EXERCISE: Your reply should be the whole listing, copied exactly, with the pictures left out.

SUPPLIED INFORMATION:

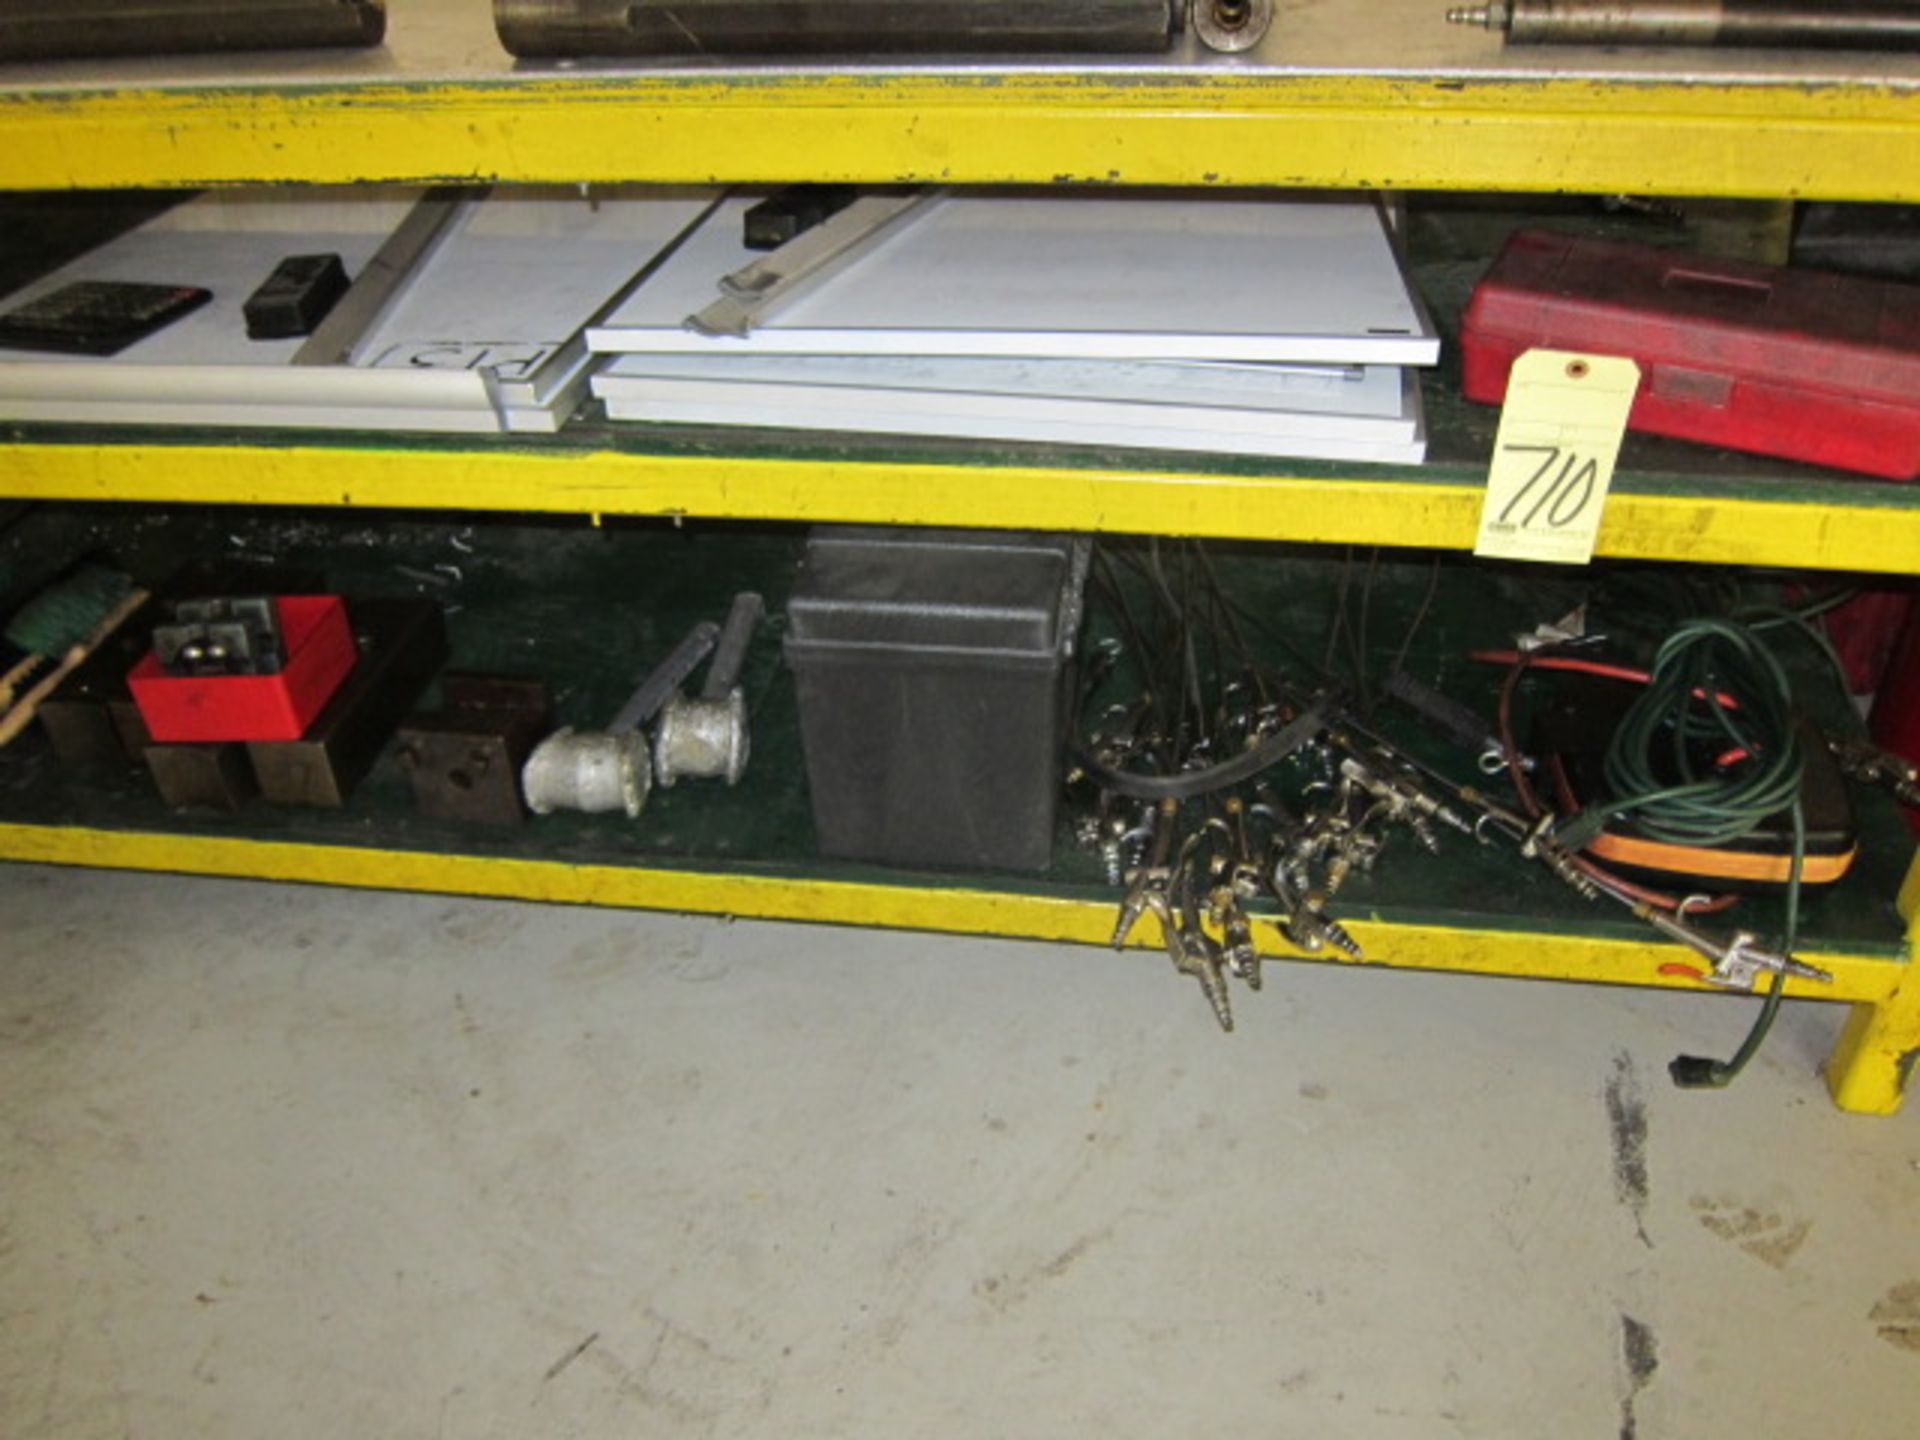 LOT OF HAND TOOLS, assorted (located under three benches) - Image 2 of 3
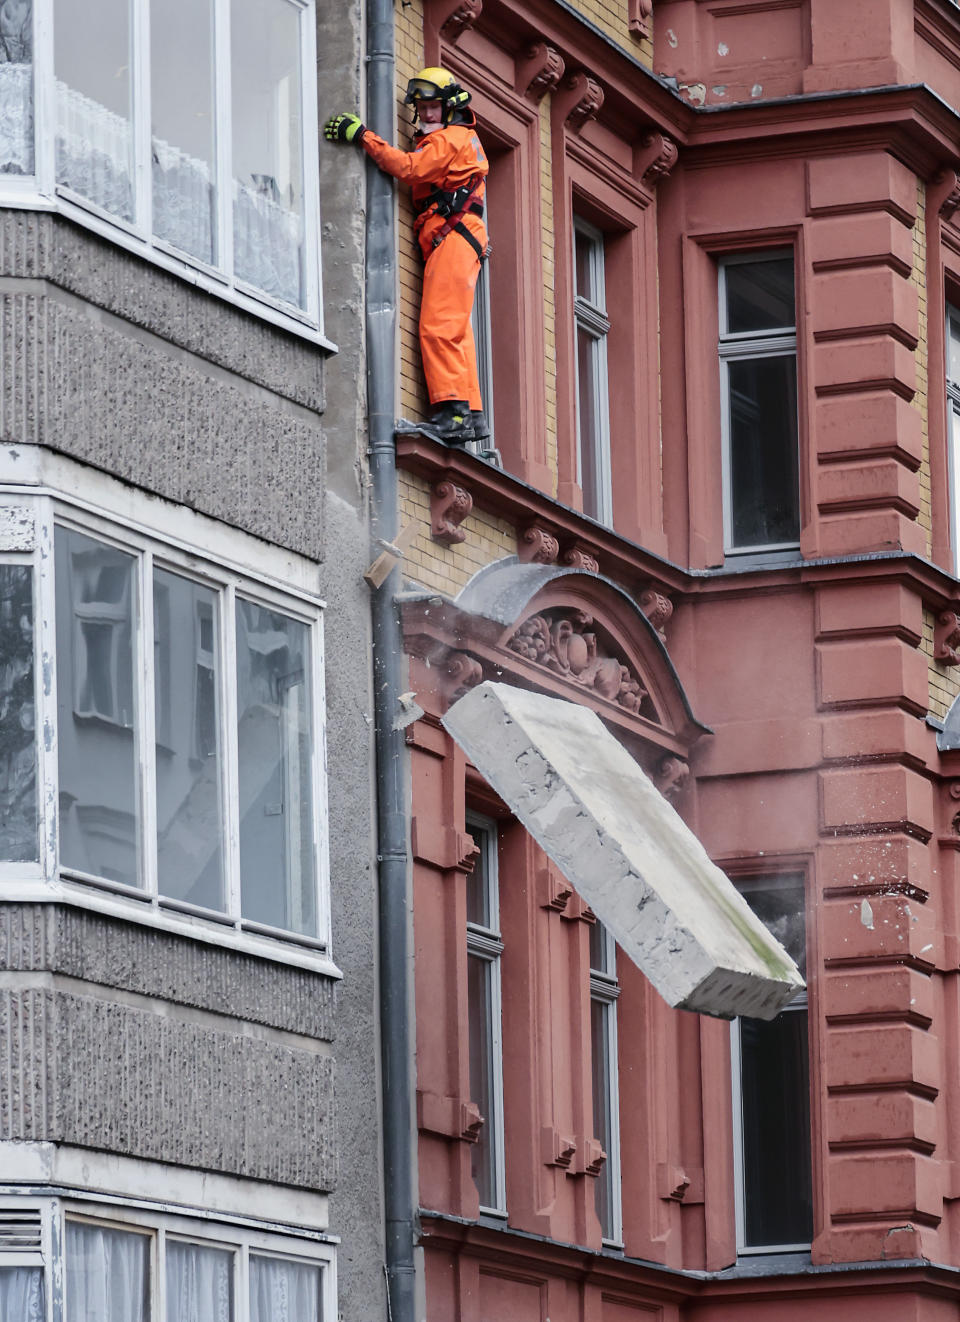 A workman loosens part of a wall damaged in a storm to crash onto the pavement below, in Berlin, Germany, Thursday, Feb. 17, 2022. Meteorologists warned Thursday that northern Europe could be battered by a series of storms over the coming days after strong winds swept across the region overnight. (AP Photo/Hannibal Hanschke)
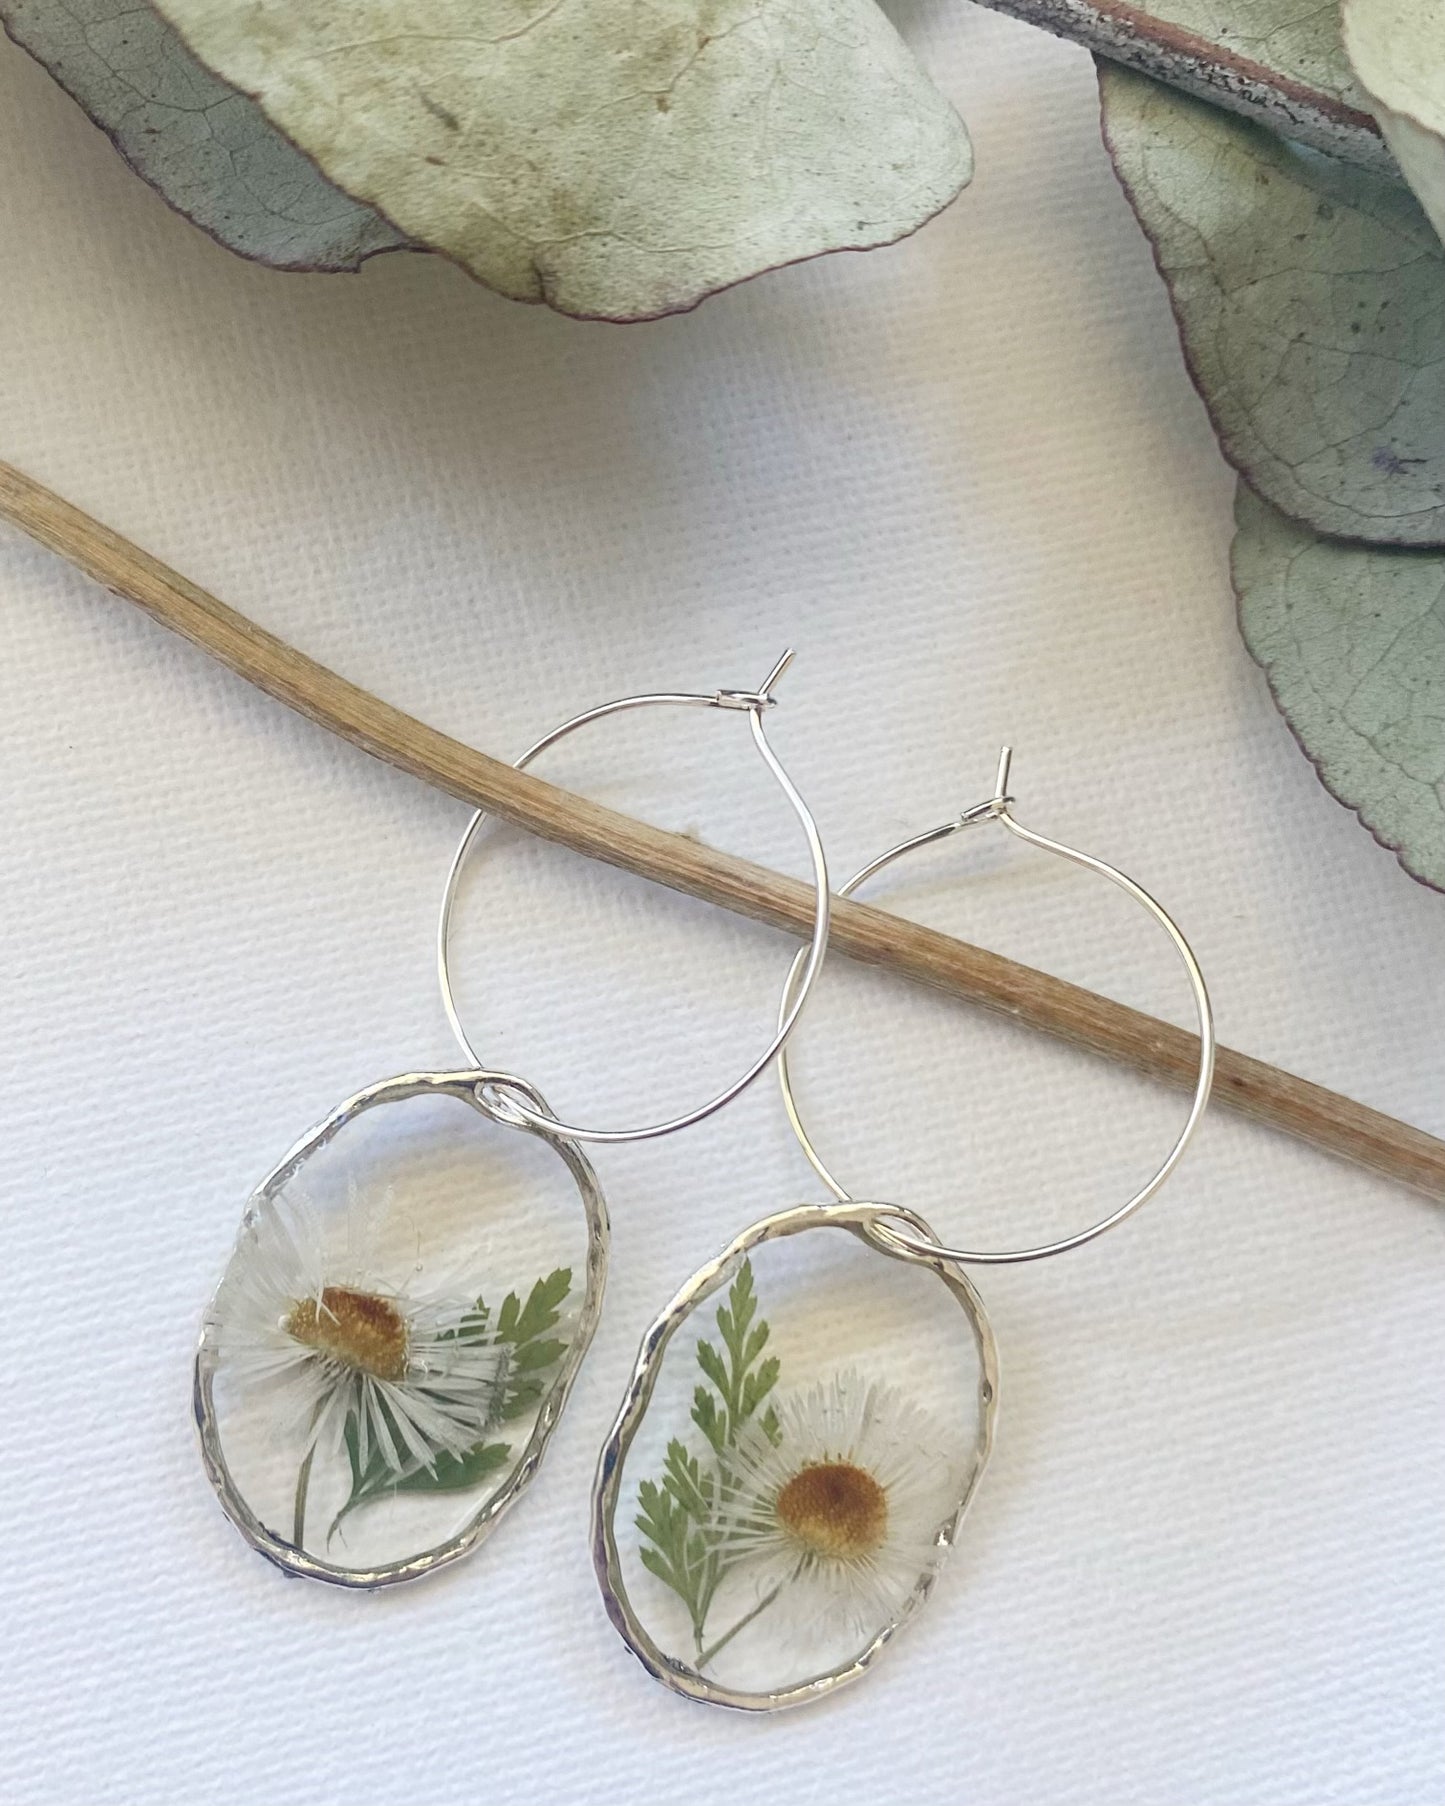 Pressed White Daisy and Fern Earrings

WRITTEN SOLUTION:
 LOT OF HAND TOOLS, assorted (located under three benches) - Image 2 of 3
 A workman loosens part of a wall damaged in a storm to crash onto the pavement below, in Berlin, Germany, Thursday, Feb. 17, 2022. Meteorologists warned Thursday that northern Europe could be battered by a series of storms over the coming days after strong winds swept across the region overnight. (AP Photo/Hannibal Hanschke)
 Pressed White Daisy and Fern Earrings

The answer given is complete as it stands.